Abstract
The quality of three dragon fruit clones (Hylocereus spp.) was determined after x-ray irradiation for disinfestation of quarantine pests. Fruit were treated with irradiation doses of 0, 200, 400, 600, or 800 Gy and stored for 12 days at 10 °C. Irradiation did not affect soluble solids content, titratable acidity, or fructose concentrations. Glucose, sucrose, and total sugar concentrations decreased linearly as dose increased. Minimal softening occurred in the outer flesh layers for fruit treated with 400 or 600 Gy irradiation. Surface color, peel injury, and bract appearance differed among the three clones with irradiation stress, but in all cases, visible changes were minor. Fruit decay was absent or minimal, and disease ratings were not affected by irradiation. Irradiation treatment of dragon fruit at doses 800 Gy or less would ensure visual and compositional quality while providing quarantine security.

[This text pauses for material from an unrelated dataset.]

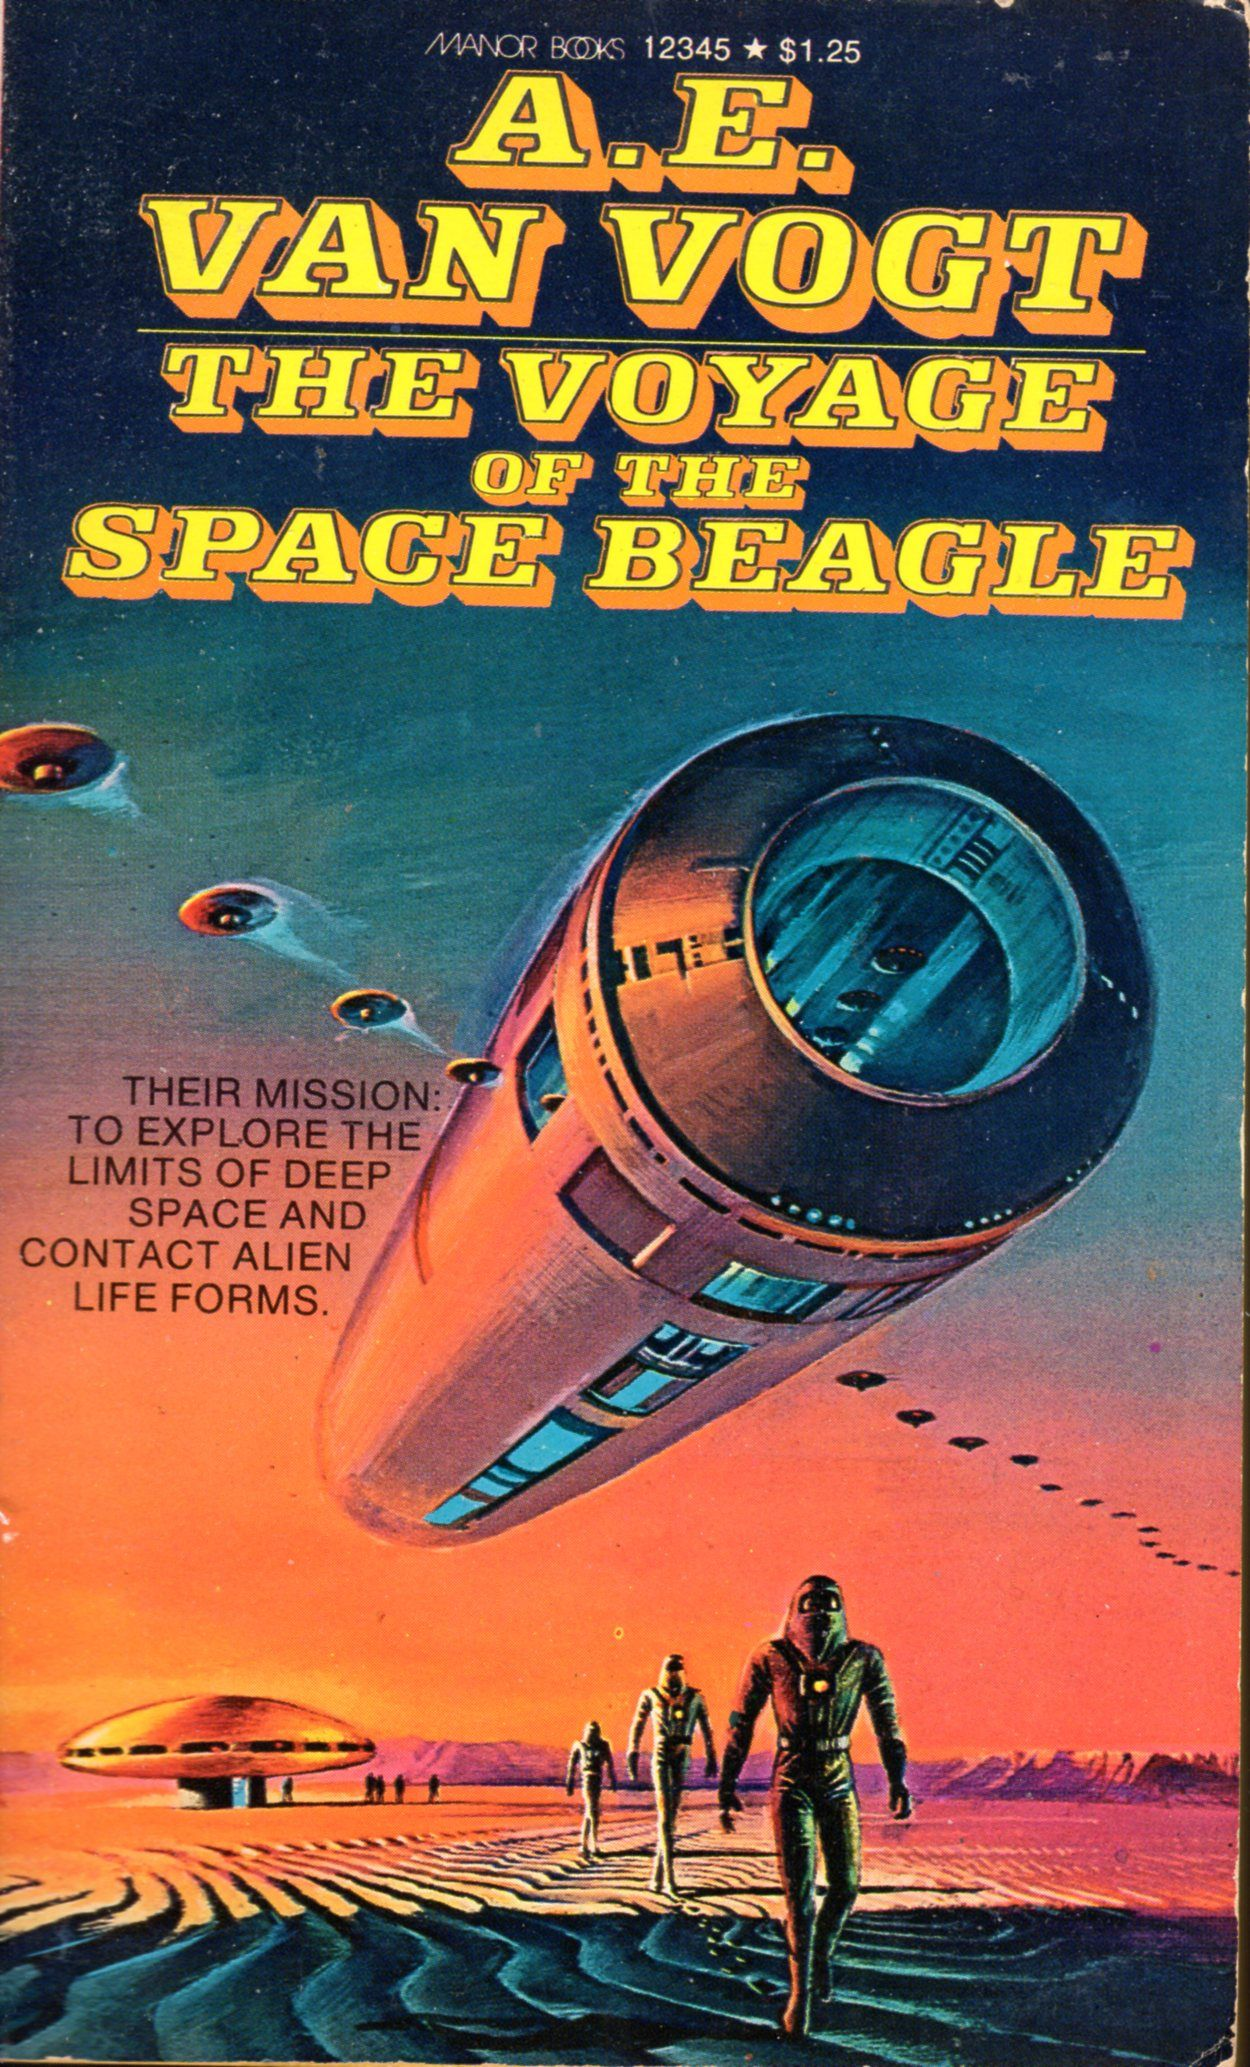 Voyage Of Space Beagle - . Van Vogt Books

Dragon fruit is an exotic tropical fruit produced by epiphytic, night-blooming Hylocereus cacti of neotropical origin. Also known as pitaya, pitahaya, strawberry pear, and thang loy, the fruit are oblong–oval with bright red skin covered with green bracts or “scales,” accounting for the name dragon fruit (Morton, 1987; Paull, 2004). The flesh is sweet, delicate, white or red–purple, and contains numerous tiny black seeds. The fruit is nonclimacteric and has the best flavor when harvested at full red color (Nerd et al., 1999).

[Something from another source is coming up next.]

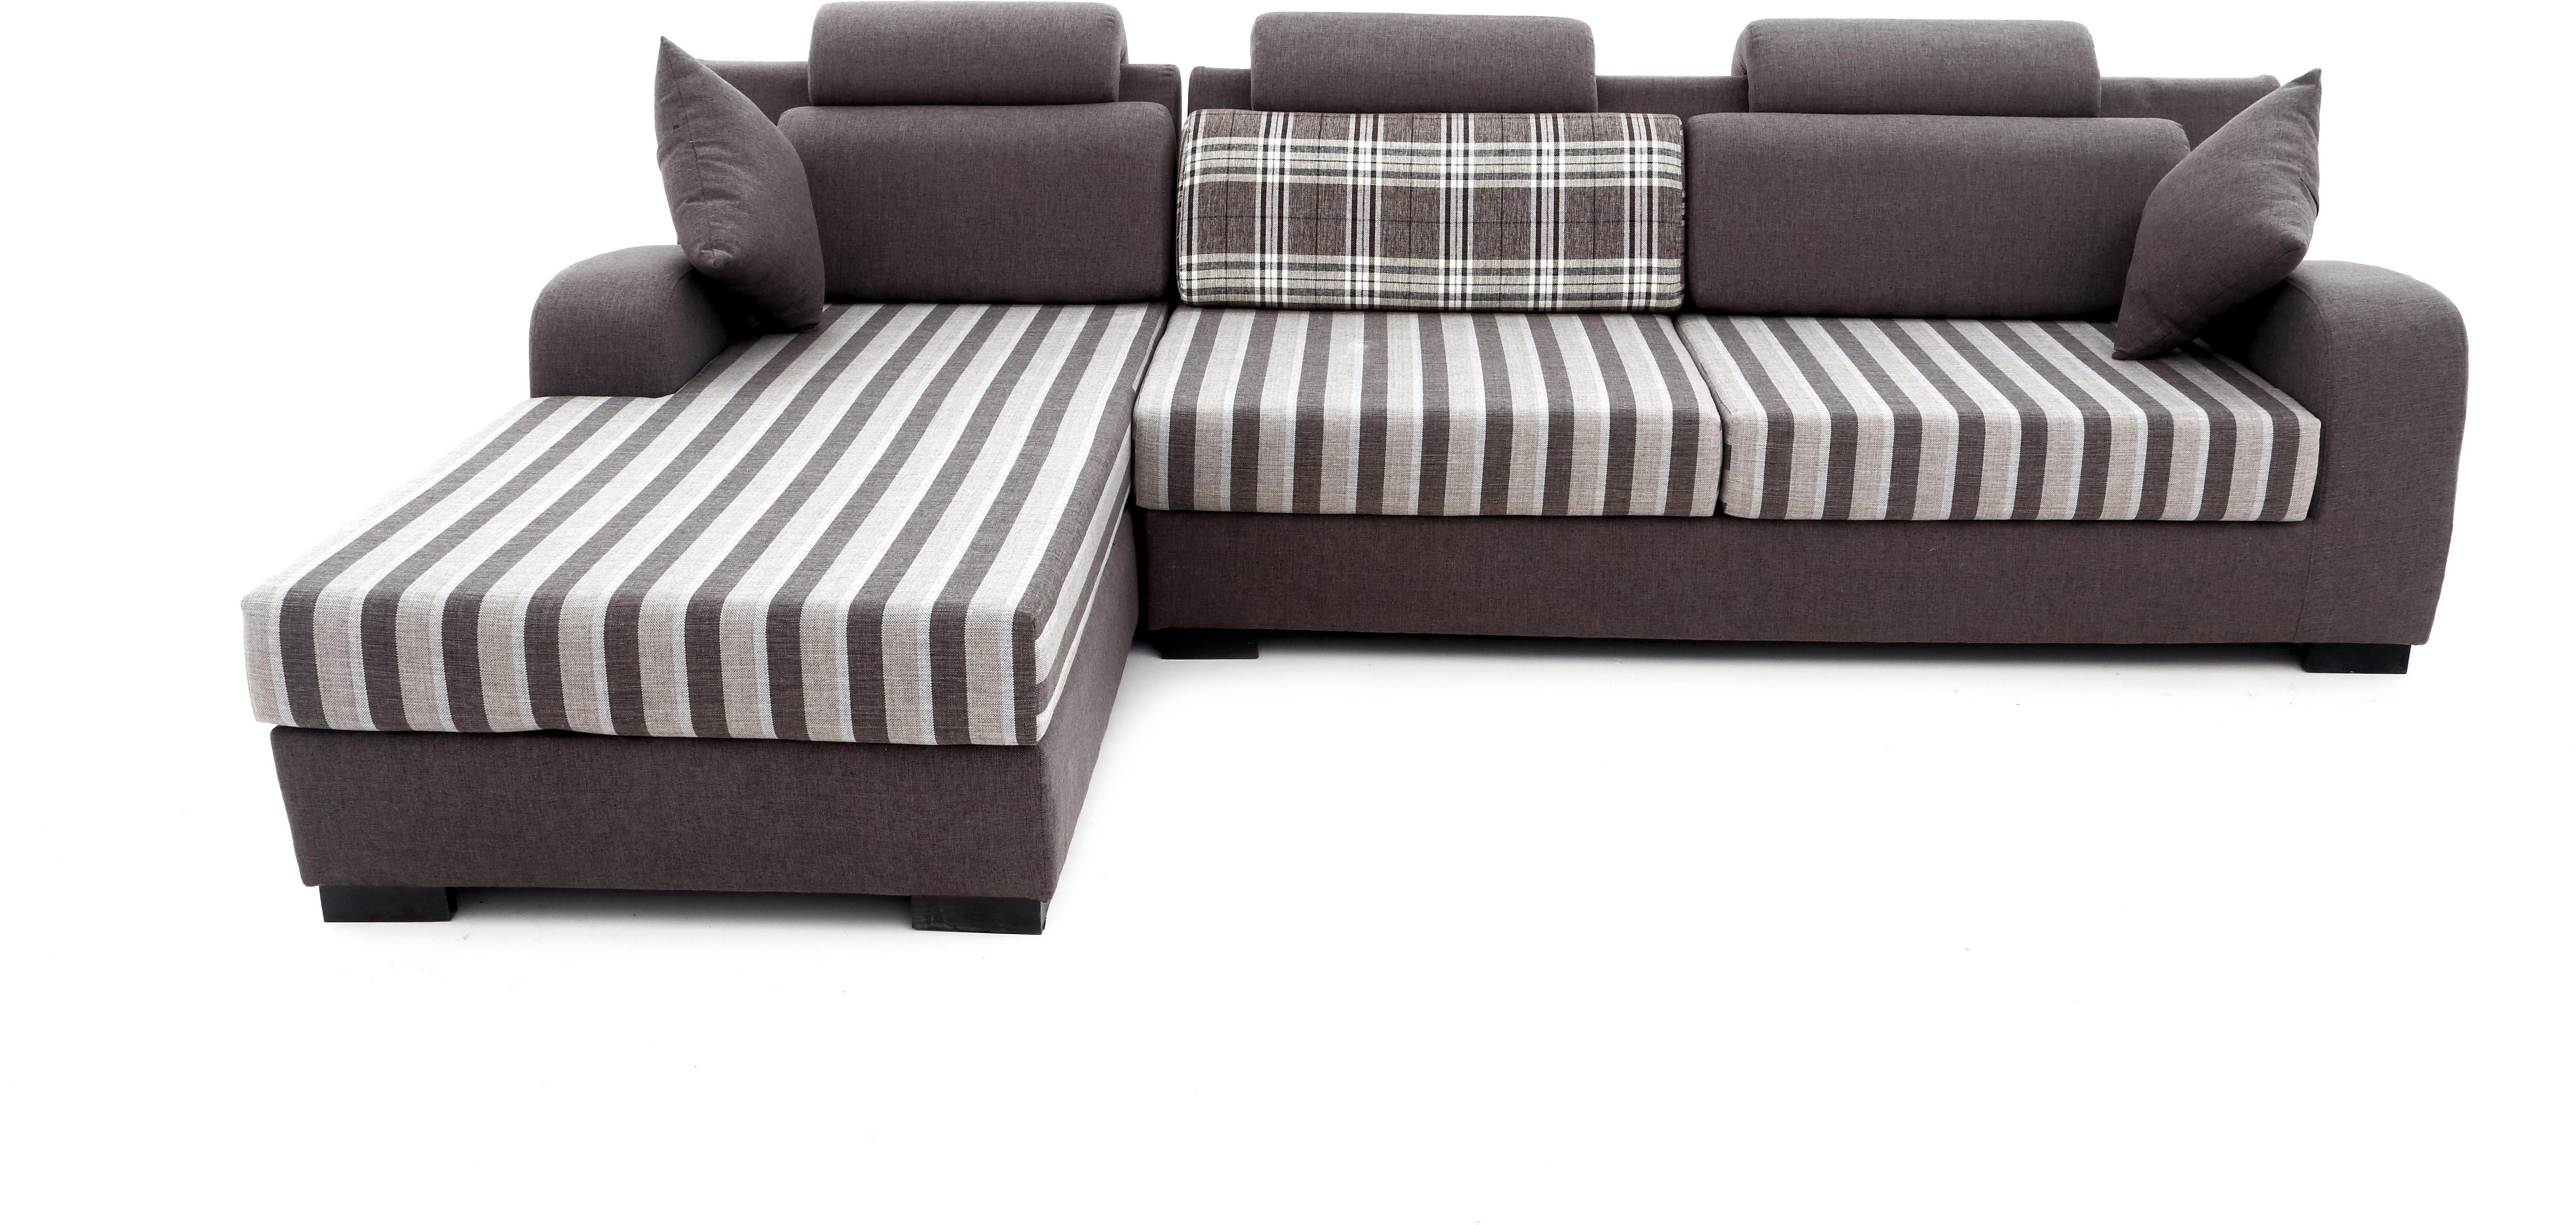 Furnicity Fabric 3 1 Grey Sofa Set Configuration L Shaped

Dragon fruit is being grown commercially in Israel, Vietnam, Taiwan, Nicaragua, Australia, and the United States (Merten, 2003). Two species (H. undatus and H. polyrhizus) and their hybrids comprise most of the production. Dragon fruit is enjoyed as a fresh fruit or juice, but also is valued as a natural food colorant. The red peel of both species as well as the red–purple flesh of H. polyrhizus contain water-soluble betacyanin pigments similar to those found in red beets (Beta vulgaris) (Wybraniec and Mizrahi, 2002).

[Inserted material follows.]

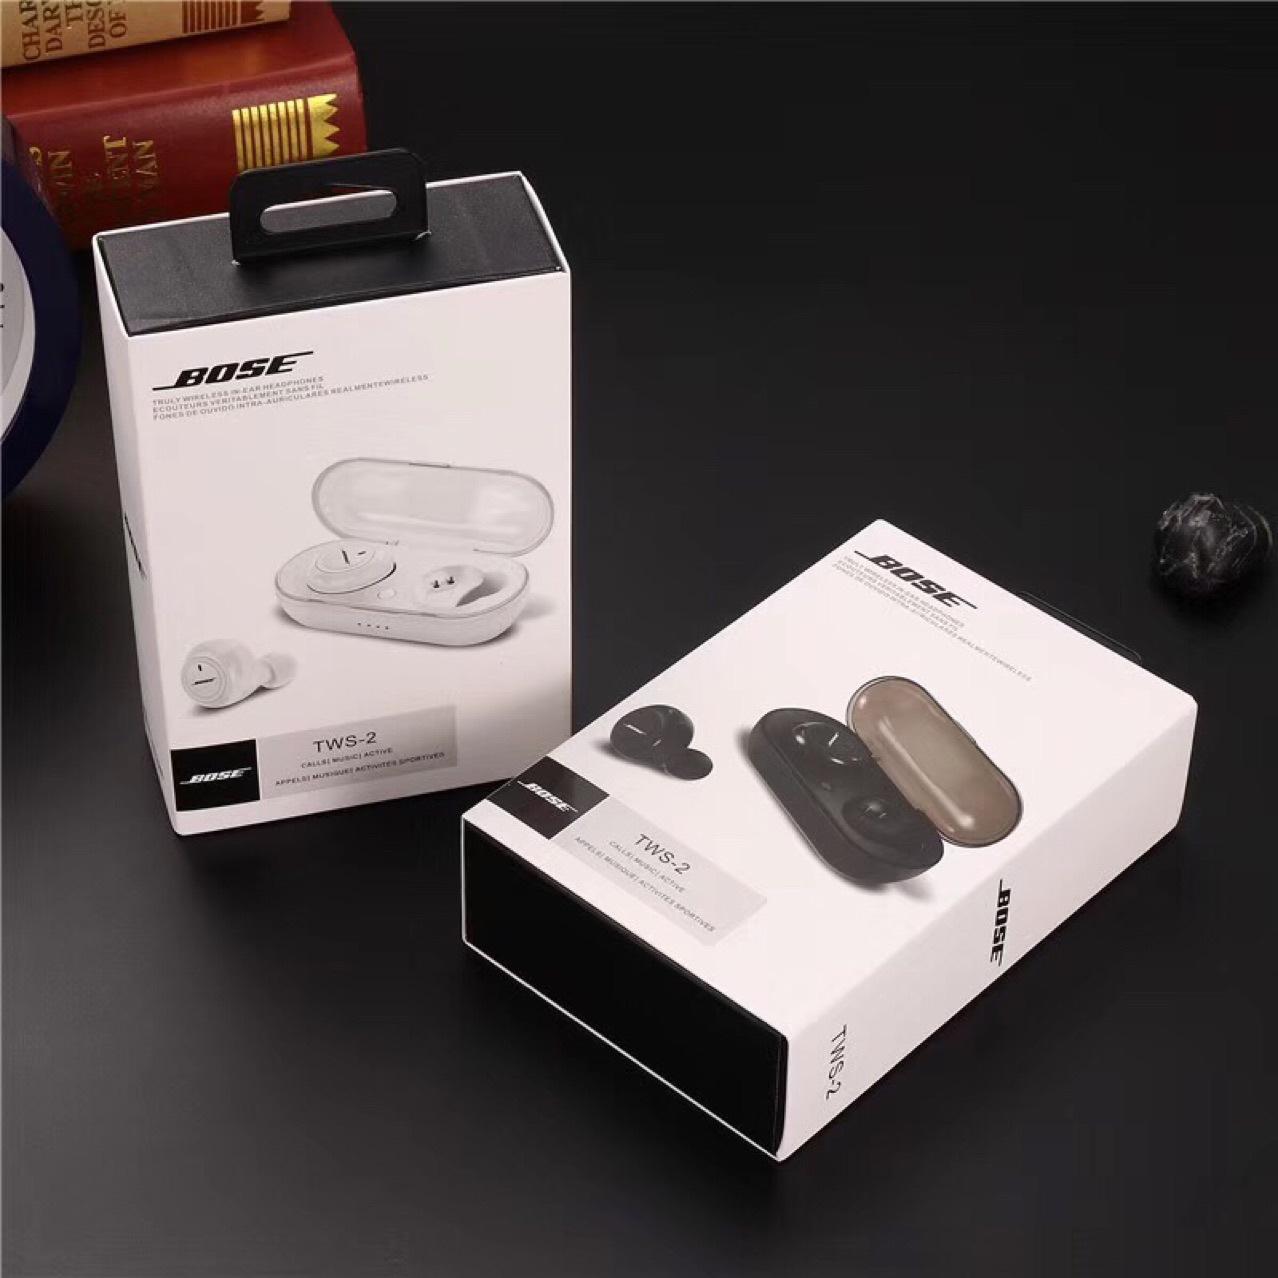 Tai nghe Bluetooth TWS-2 V5.0

In Hawaii, dragon fruit is a new specialty fruit crop grown for local consumption but has potential to supply U.S. mainland markets. However, dragon fruit is a host for tephritid fruit flies and therefore subject to quarantine restrictions. Hot forced air treatments have been proposed for dragon fruit disinfestation with minimal reduction in quality (Hoa et al., 2006); however, irradiation generally is more efficient and less phytotoxic than heat treatments for tropical fruit (Follett and Sanxter, 2000, 2002, 2003). Irradiation may be the most widely tolerated of all the major phytosanitary treatments, especially at the low doses required for quarantine security against fruit flies and many other pests (Hallman, 2001). The USDA's Animal Plant Health Inspection Service (APHIS) allows export of dragon fruit from Hawaii after irradiation with a 400-Gy dose or after irradiation with a 150-Gy dose and inspection for mealybugs (Dysmicoccus neobrevipes, Maconellicoccus hirsutus, and Pseudococcus cryptus) (APHIS, 2008). The island of Hawaii has a commercial electron beam facility that is used for quarantine treatment of tropical fruits. Local growers are interested in exporting irradiated dragon fruit from Hawaii, but quality and sensory analyses are needed before markets can be developed and large shipments can be risked.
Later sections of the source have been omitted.